Das monströse Verbrechen hat seither viele Künstler*innen inspiriert.
Rainer Werner Fassbinder hat sein Theaterstück „Bremer Freiheit“ darüber
geschrieben. Es gibt zahlreiche Bücher und Hörspiele über den Kriminalfall,
[1][eine Schauerballade von Adalbert von Chamisso], ein Musical, eine Oper
und eine Graphic Novel.
Deren Szenario stammt vom Worpsweder Autor Peer Meter – und der hat auch
zusammen mit Regisseur Udo Flohr das Drehbuch für dessen Spielfilmdebüt
„Effigie – Das Gift und die Stadt“ geschrieben. Als Protagonistin fungiert
Cato Böhmer, eine junge Protokollantin am Bremer Gericht, die in den
Kriminalfall verwickelt wird. Ob es im frühen 19. Jahrhundert tatsächlich
Frauen gab, die an den Gerichten Protokoll führten, ist eher
unwahrscheinlich, und Cato Böhmer ist dann auch eine der wenigen erfundenen
Figuren in diesem Film, [2][der auf den Gerichtsakten des Falls basier]t.
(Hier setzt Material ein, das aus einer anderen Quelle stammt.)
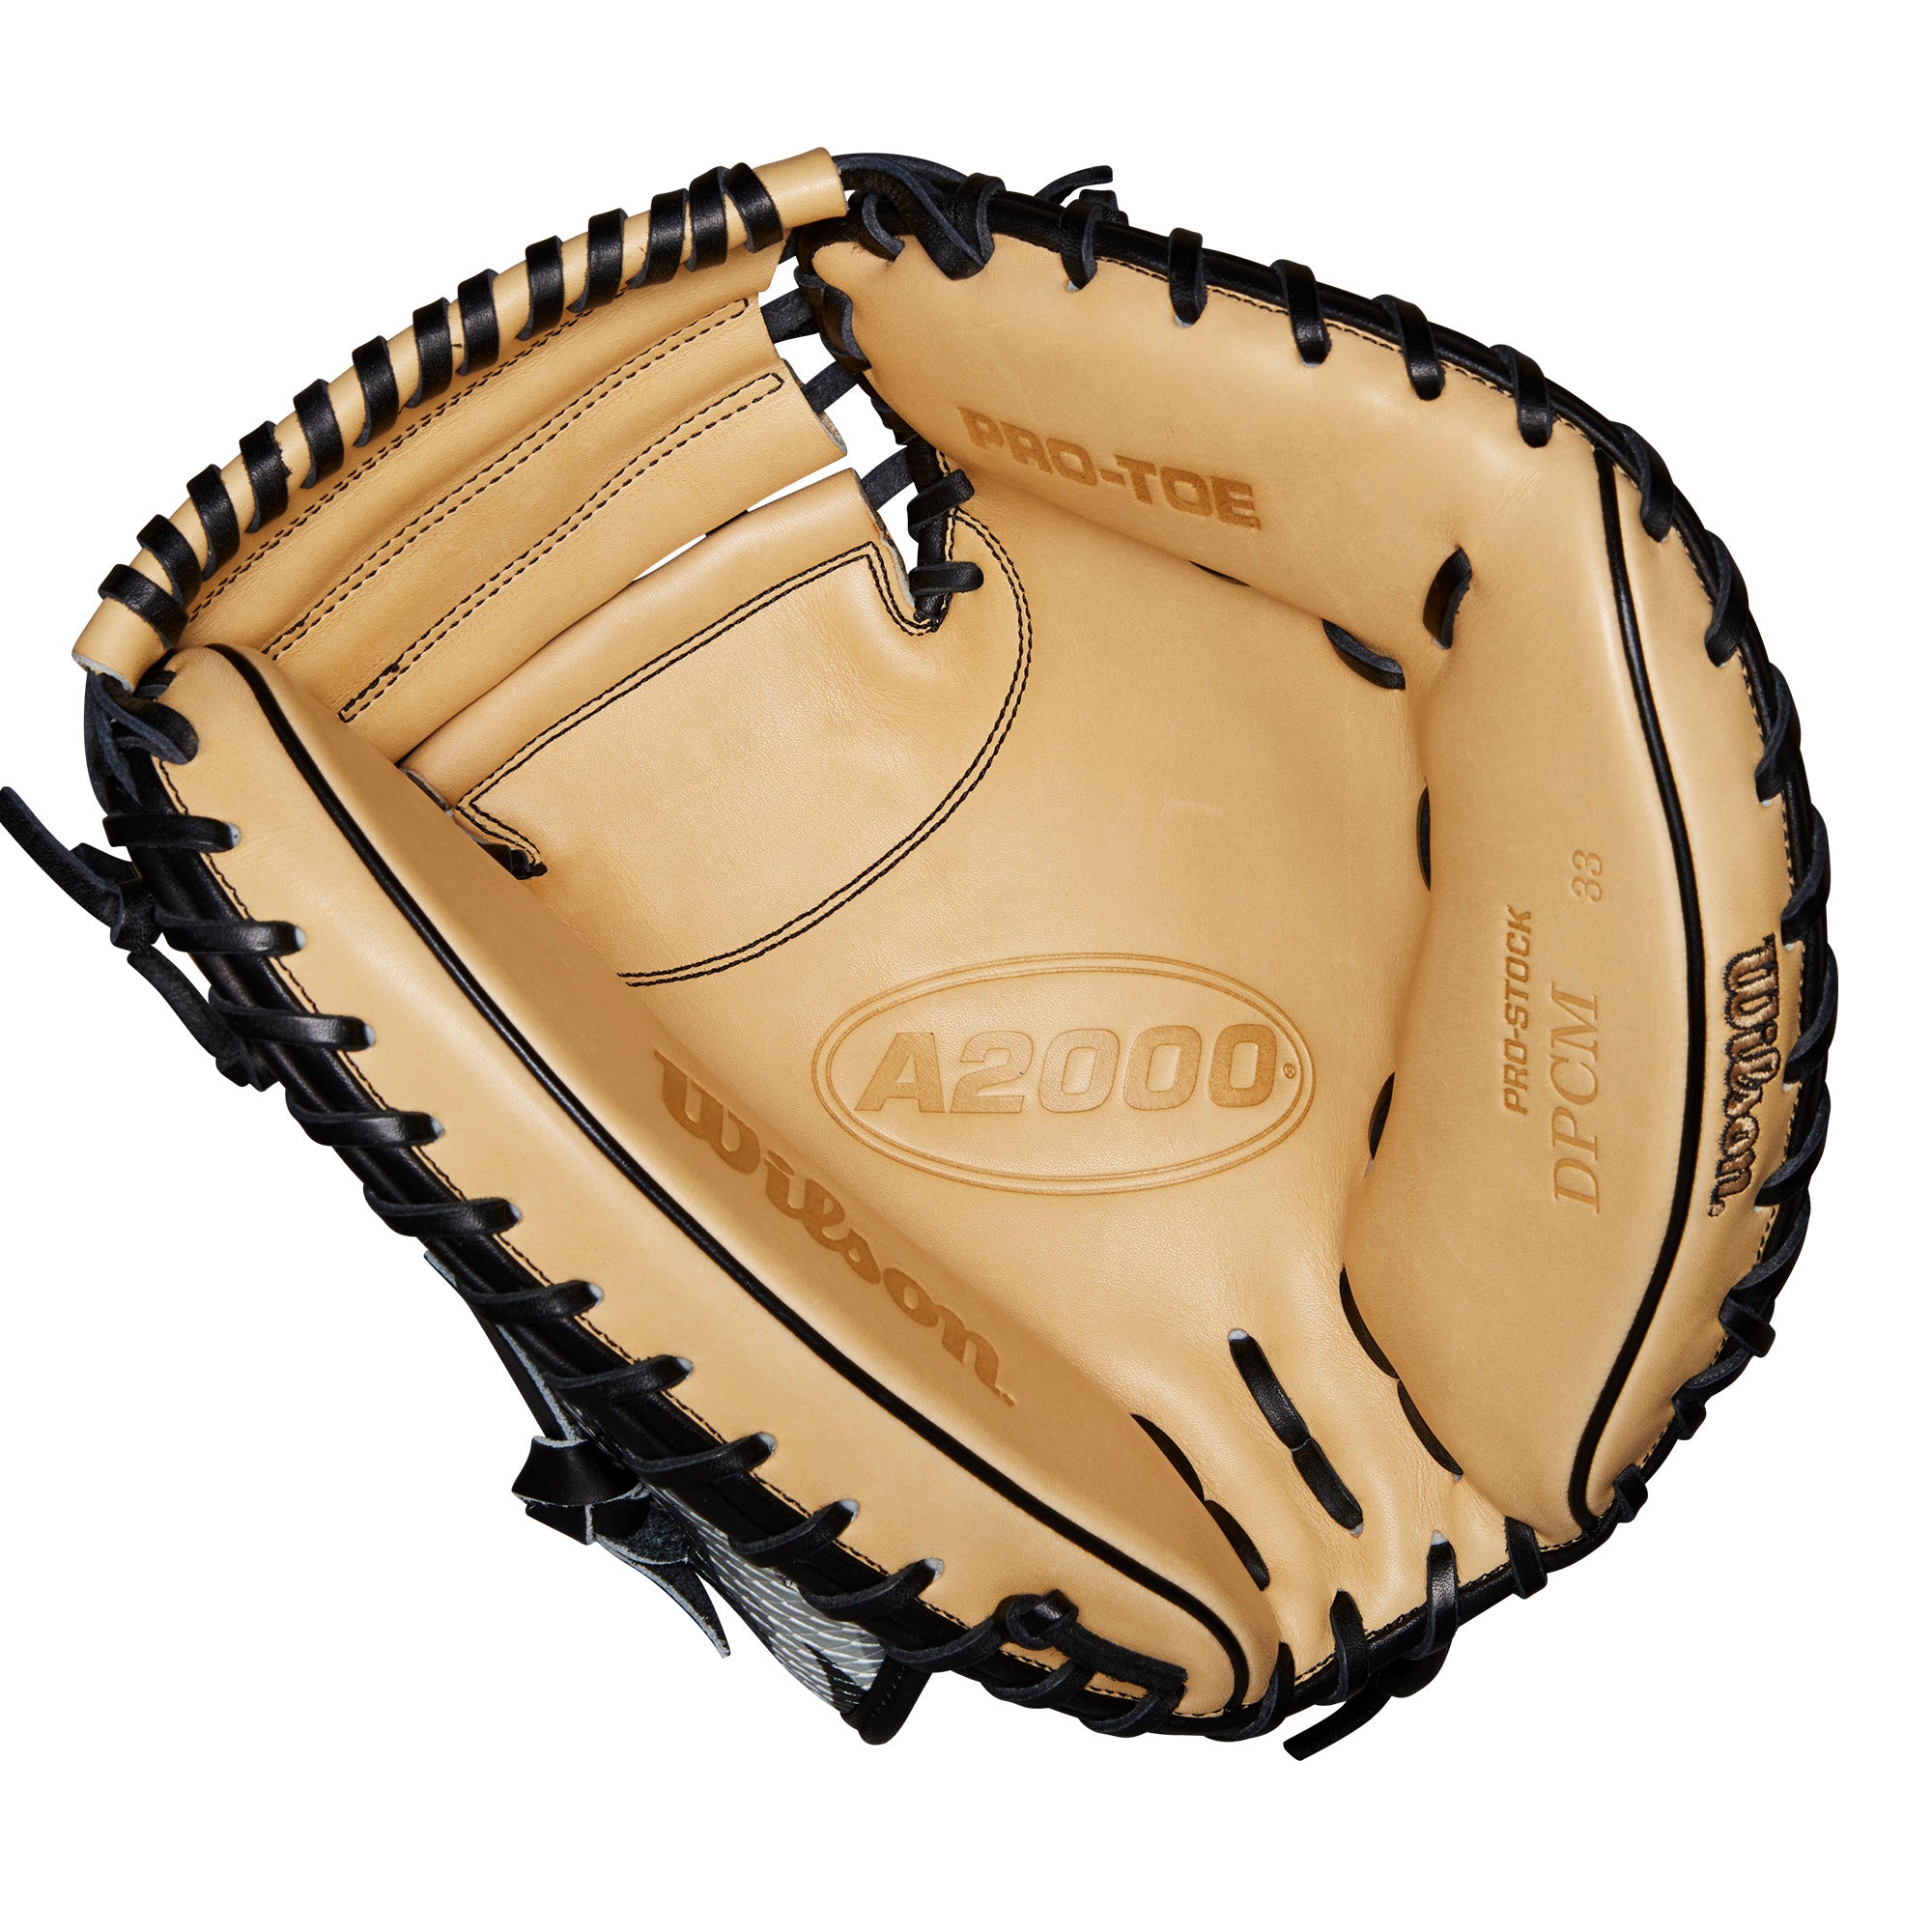 Wilson A9880 Pro-Toe Grip-Tite Pocket 12 Softball Catcher's Mitt Glove RHT
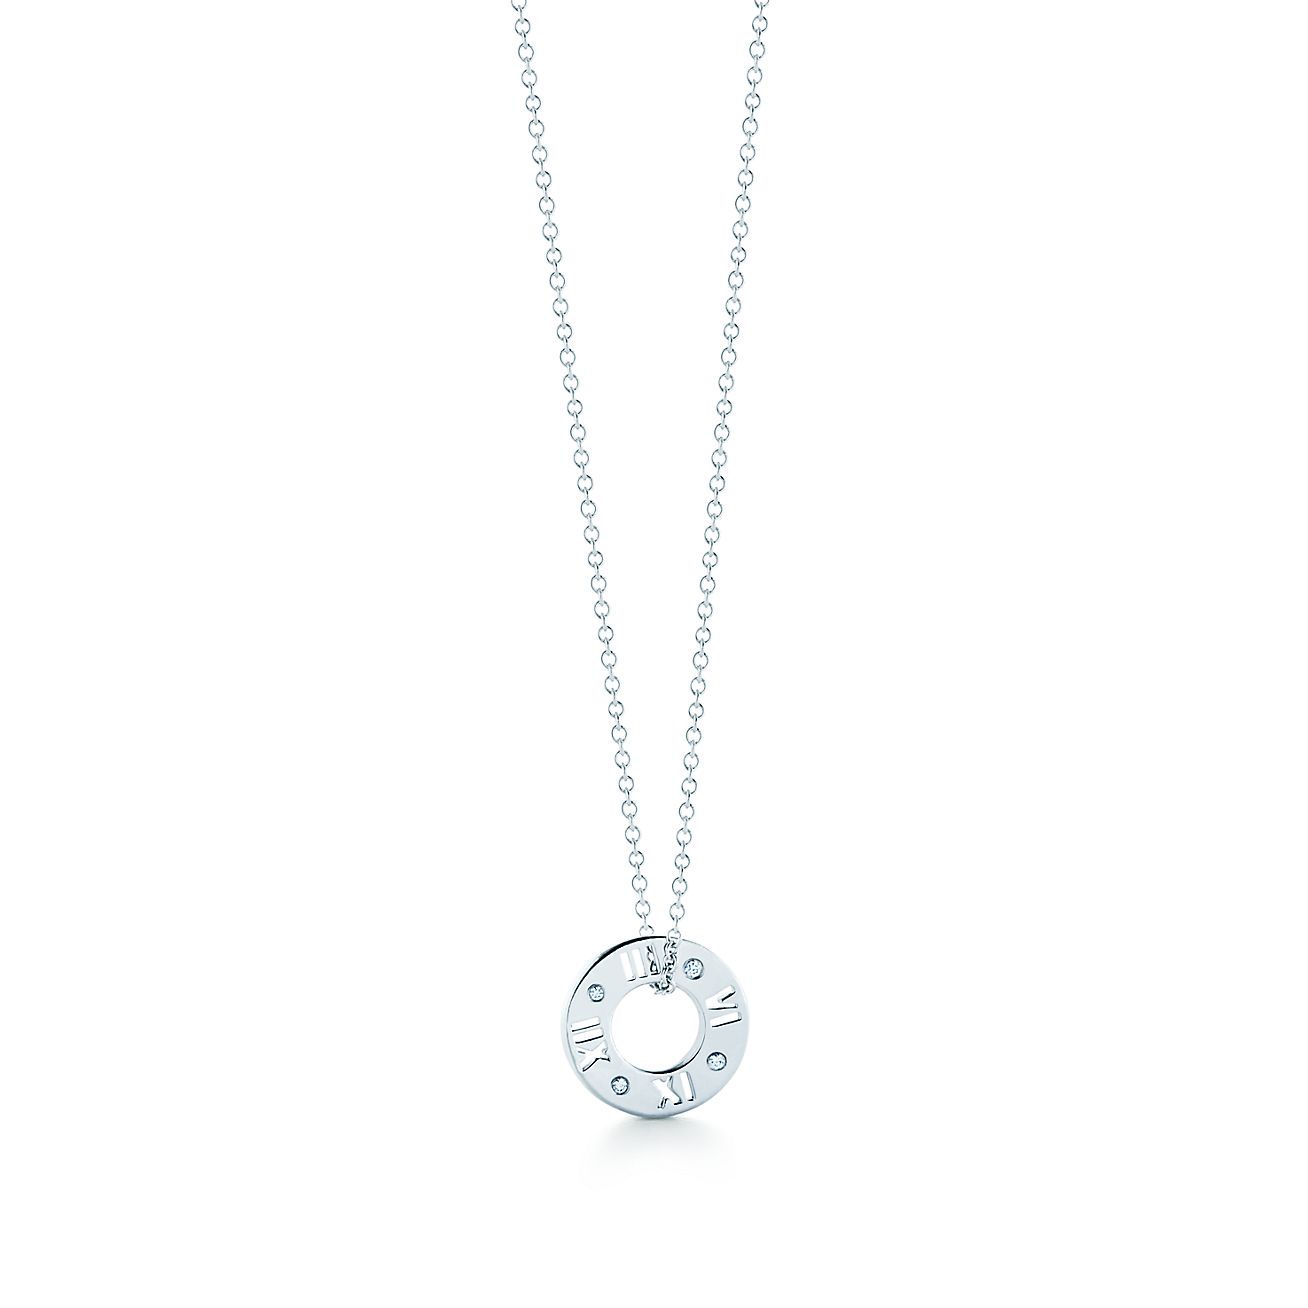 Atlas™ pierced pendant in 18k white

Die im Film auftretenden Opfer, Zeugen, Richter, Senatoren und der
Bürgermeister Johann Smidt haben dagegen tatsächlich gelebt. Und wenn
Gesche Gottfried einige Male etwas antiquiert redet, während die anderen
Figuren in sauberstem modernen Hochdeutsch sprechen, dann sind ihre Sätze
jedenfalls wortwörtlich aus dem Verhörprotokoll übernommen: „Ans Abendessen
habe ich ihr ein wenig gemacht“, sagt sie oder: „Stück a zehn werden es
wohl gewesen sein.“
Udo Flohr erzählt die Geschichte aus der Perspektive dieser 24-jährigen
Frau, weil dadurch ein Panoramablick auf die Stadt Bremen und die dort
damals herrschenden politischen und gesellschaftlichen Zustände möglich
wird. Die Stadt war damals im Umbruch. Die Exklave Bremerhaven war gerade
gegründet worden, damit Bremen einen direkten Zugang zur Nordsee hatte. Der
fortschrittliche Senator Droste plante, eine Eisenbahnstrecke zwischen den
beiden Städten zu bauen. Von alldem erzählt Flohr in Nebensträngen. Es gibt
sogar eine kleine Verschwörungsgeschichte mit einem Kapitän, der den Bau
der Eisenbahn verhindern will, weil er auf den Ausbau des traditionellen
Transports mit Schiffen auf der Weser spekuliert hat.
Die emanzipierte Cato Böhmer ist natürlich auch ein positiver Gegenentwurf
zur Verbrecherin Gesche Gottfried, [3][die sich ja durch ihre Taten
ebenfalls von den patriarchalen Machtverhältnissen befreien wollte].
Fassbinders Stück heißt nicht umsonst „Bremer Freiheit“.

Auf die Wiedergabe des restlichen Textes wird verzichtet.